**SUPPLIED DATA:**
○ ○ ○ ○ ○
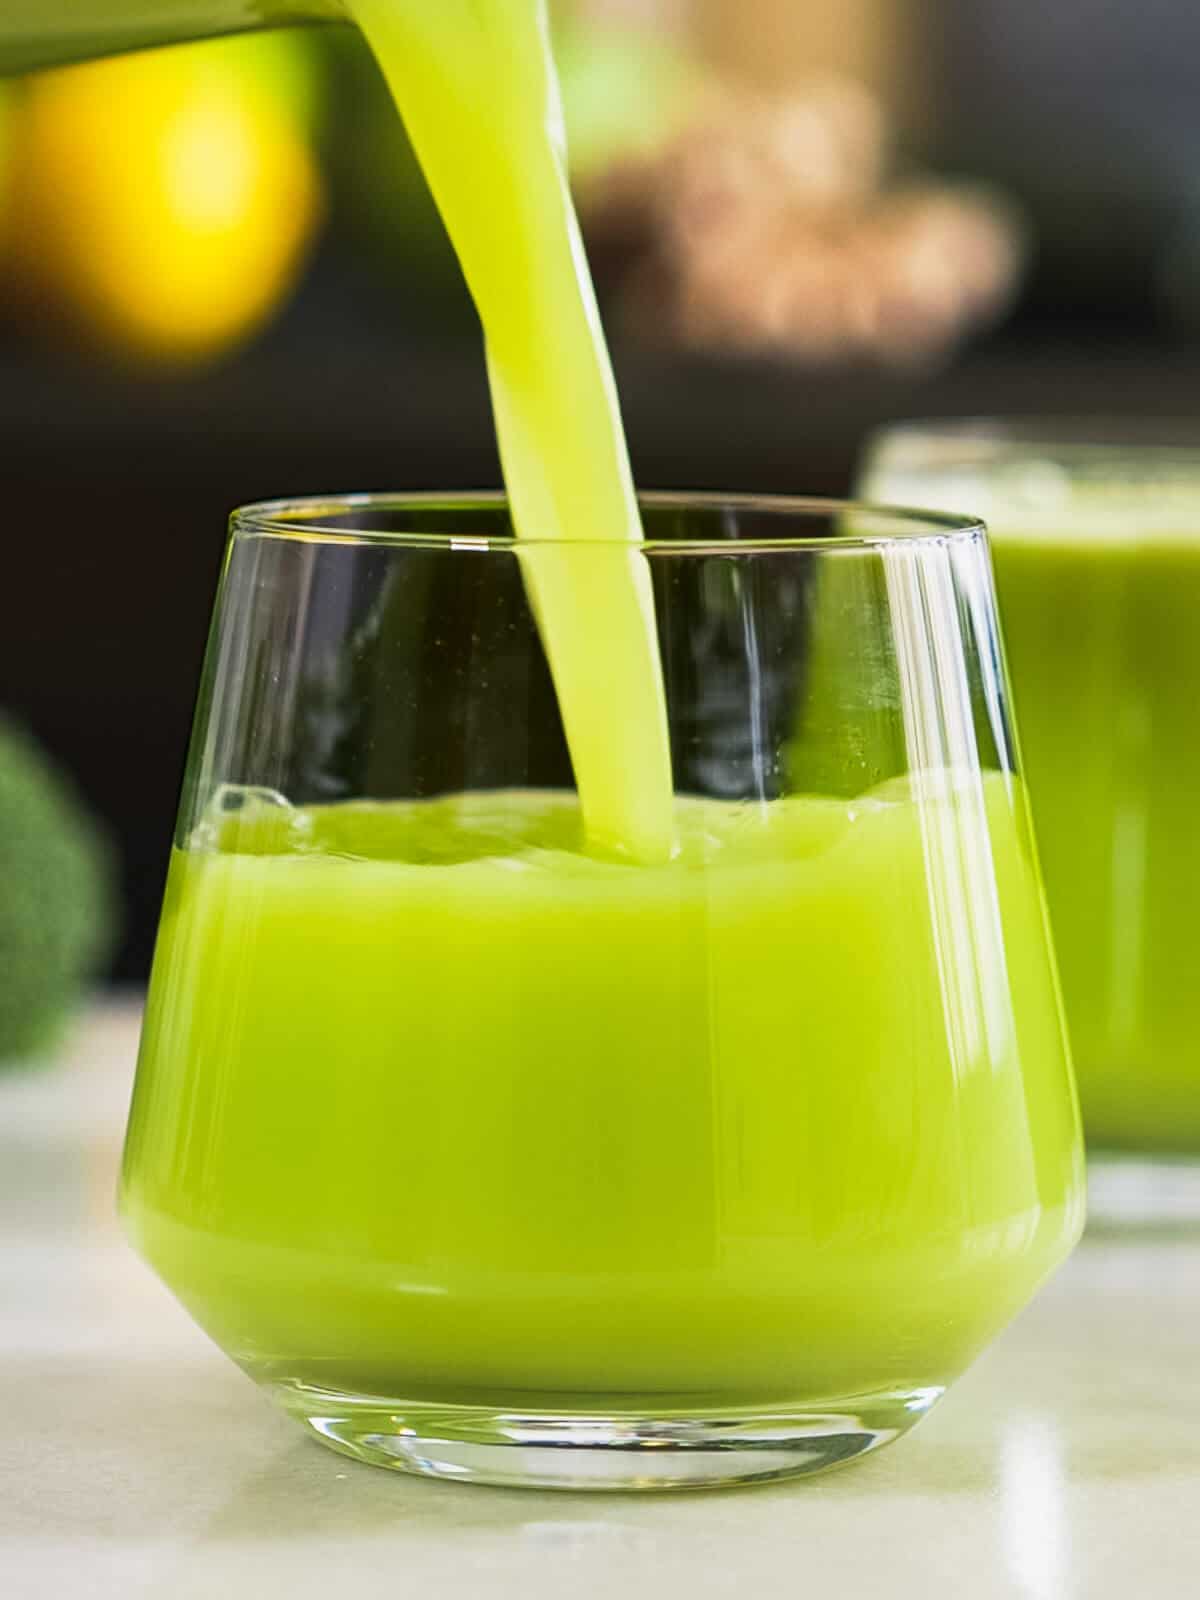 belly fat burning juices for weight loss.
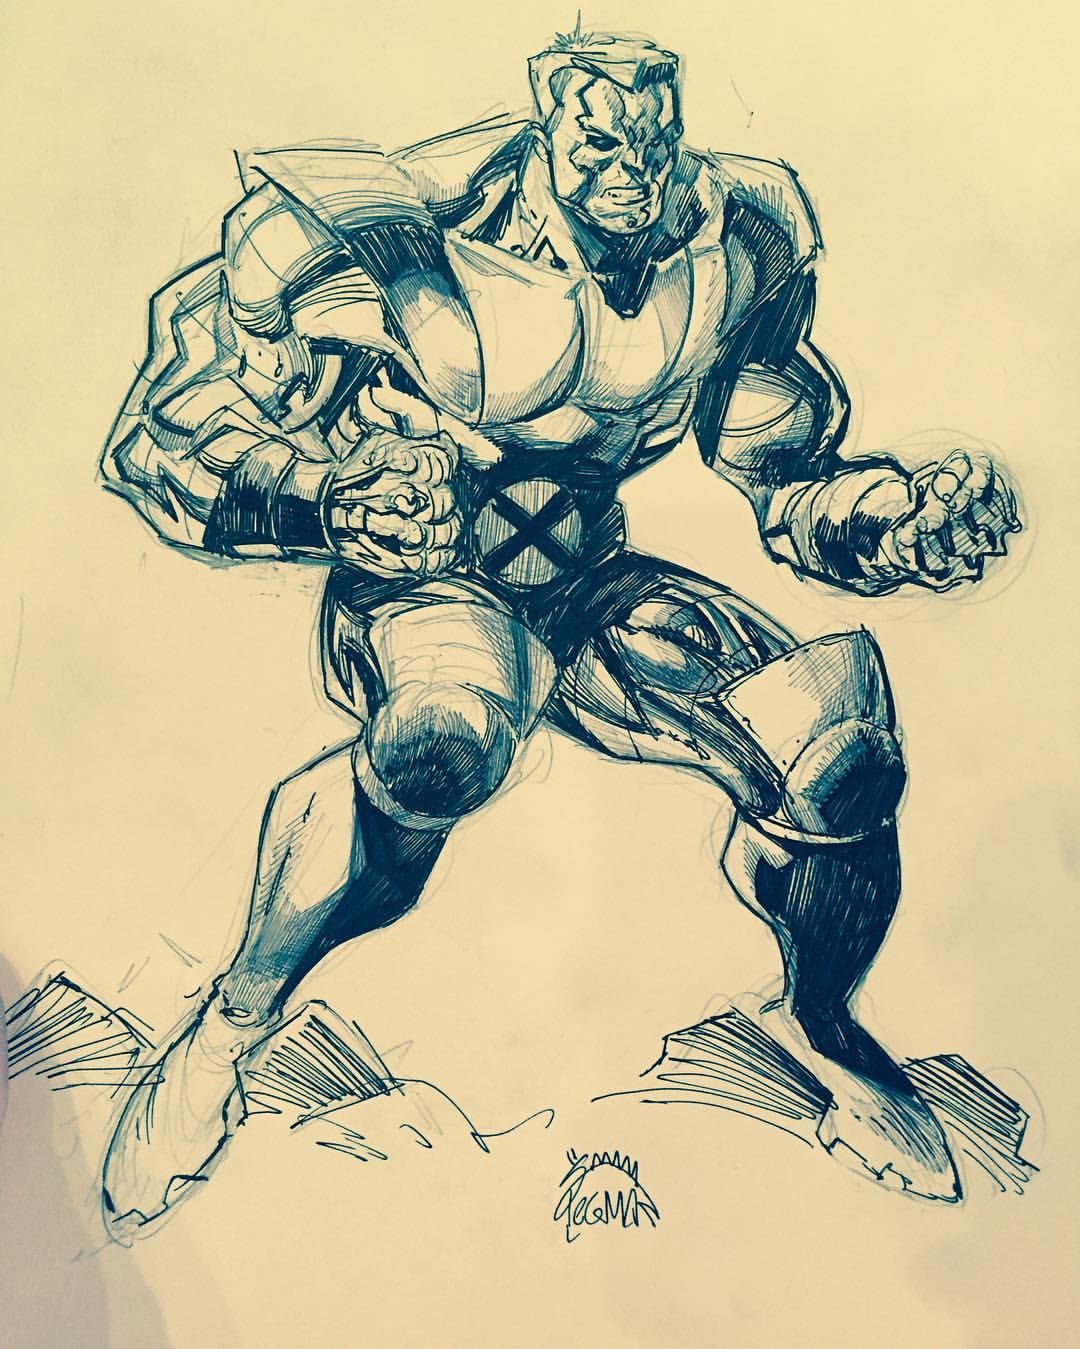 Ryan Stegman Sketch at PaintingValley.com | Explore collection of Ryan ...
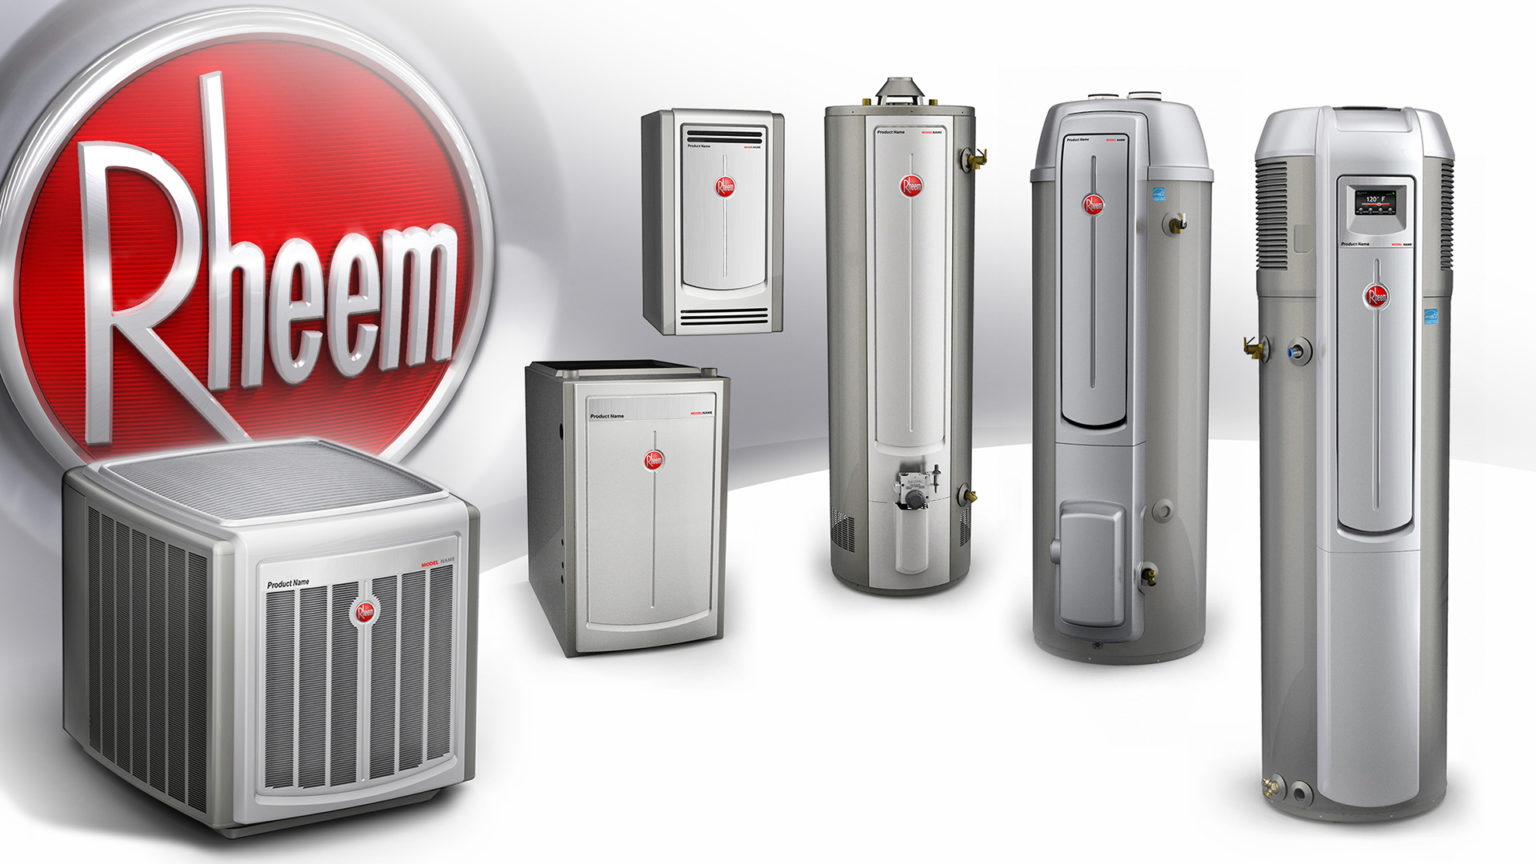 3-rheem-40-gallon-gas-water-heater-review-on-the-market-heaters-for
○ ○ ○ ○ ○
**WORK TASK:** Skip all pictures. Write out only the lines from the one containing "Ryan Stegman Sketch" to the end of the listing above, inclusive, exactly as given.

**YOUR SOLUTION:**
 Ryan Stegman Sketch at PaintingValley.com | Explore collection of Ryan ...
 3-rheem-40-gallon-gas-water-heater-review-on-the-market-heaters-for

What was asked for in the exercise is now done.